И тогда, вздохнув, я разжал руки, листья осыпались к моим ногам, а я дотянулся до книжной полки, что была рядом, аккурат за моим письменным столом, наугад, не глядя, нащупал нужный корешок, вытянул его из ряда, и книга привычно раскрылась на той самой странице, что была мне надобна.

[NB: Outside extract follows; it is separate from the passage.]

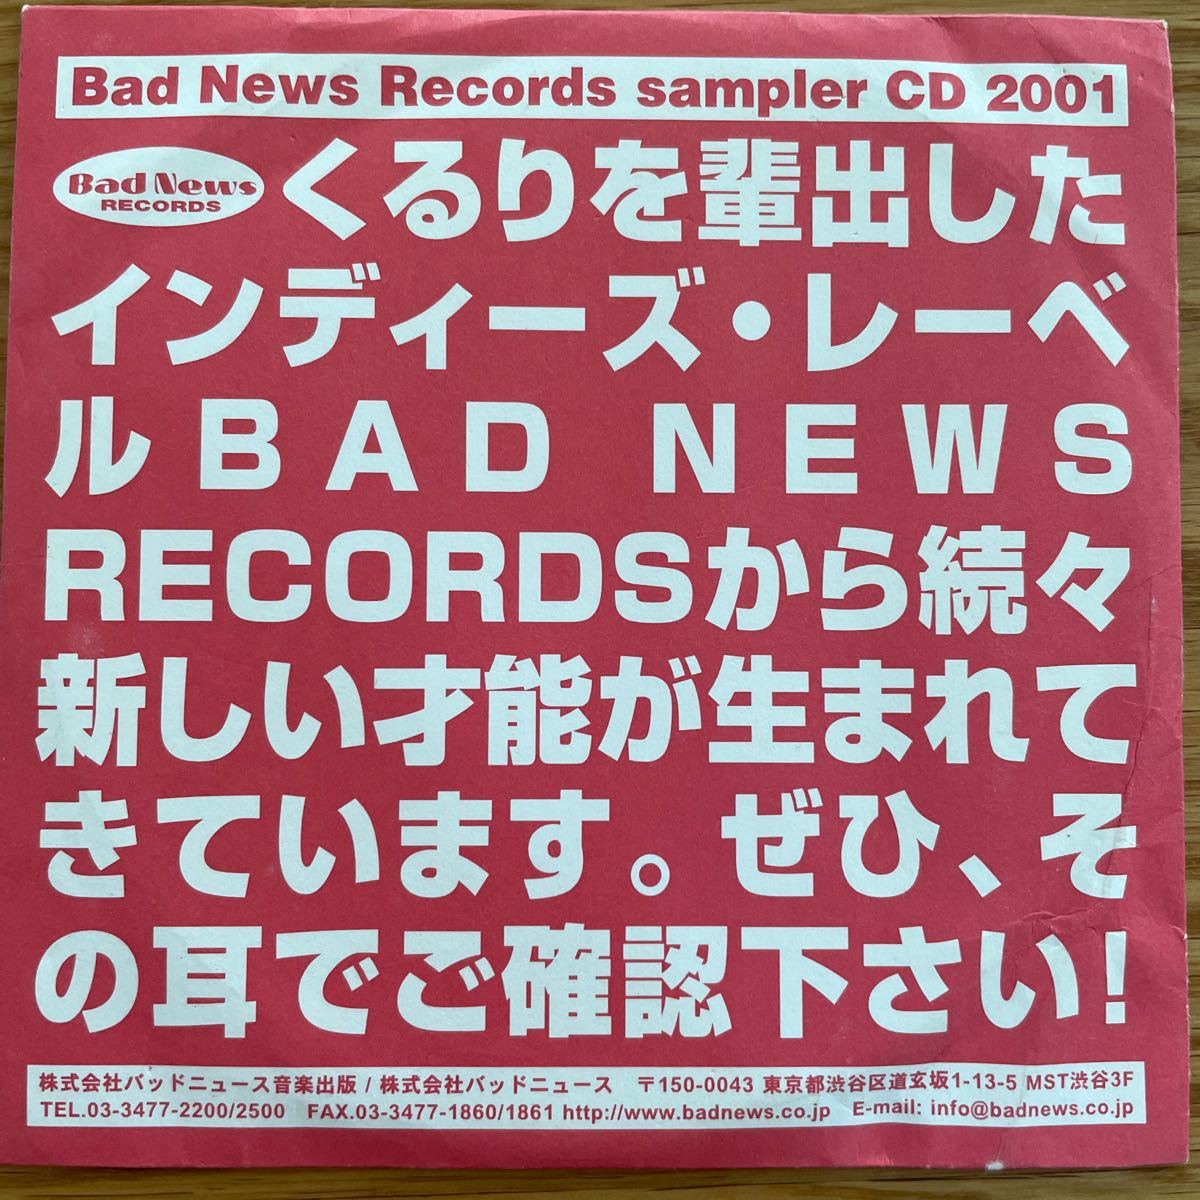 Bad News Records sampler CD 2001

…Посемь же Володимиръ посла по всему граду, глаголя: «Аще не обрящеться кто заутра на рѣць, богатъ ли, ли убогъ, или нищъ, ли работникь, противень мнѣ да будетъ». Се слышавше людье, с радостью идяху, радующеся и глаголюще: «Аще бы се не добро было, не бы сего князь и боляре прияли». Наутрия же изиде Володимеръ с попы царицины и с корсунъскыми на Дънѣпръ, и снидеся бещисла людий. Влѣзоша в воду, и стаяху овы до шие, а друзии до персий, младии же по перси от берега, друзии же младенци держаще, свершении же бродяху, попове же стояще молитвы творяху. И бяше си видѣти радость на небеси и на земли, толико душъ спасаемыхъ…

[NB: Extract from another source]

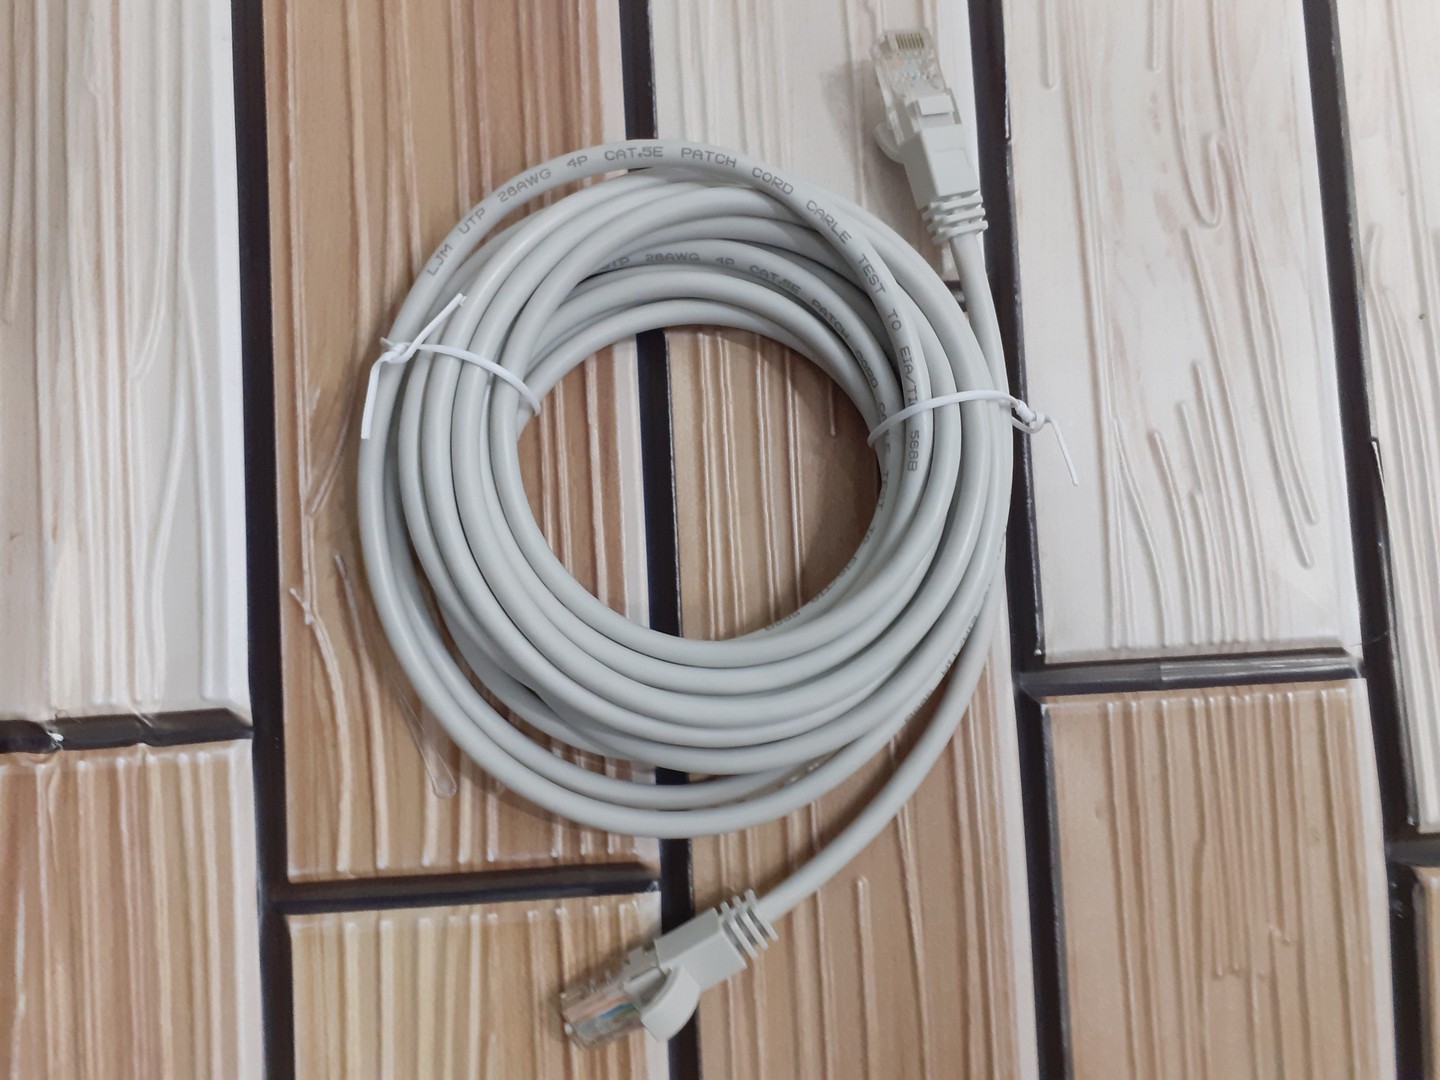 accesorios para electronica - Cable de red - Cable UTP Pacth Cord Categoría CAT5e 4.5M 15ft 2

Чтение мое было прервано странным звуком, возникшим за спиной.
Он был дробен, сыпуч, не слажен, а наоборот, как будто подчинен команде «идти не в ногу!», которую дают войску, переходящему мост, чтобы он не рухнул. Но это было не войско.
Ухо различало усталое шарканье истертых подошв, босых ног, хриплый разнобой дыханий.
Всё это надвигалось, усиливалось по мере приближения. Лишь изредка глухоту понурого молчания нарушали резкие окрики. И когда раздавался окрик, его подхватывал визгливый лай овчарок…
Я оглянулся — не из любопытства, а из досады потревоженного покоя, — вгляделся сквозь пеструю завесь поникших ветвей, испятнанных желтой и бурой листвой, будто маскировочная сеть, — посмотрел в ту сторону, откуда, нарастая, приближался этот шаркающий гул.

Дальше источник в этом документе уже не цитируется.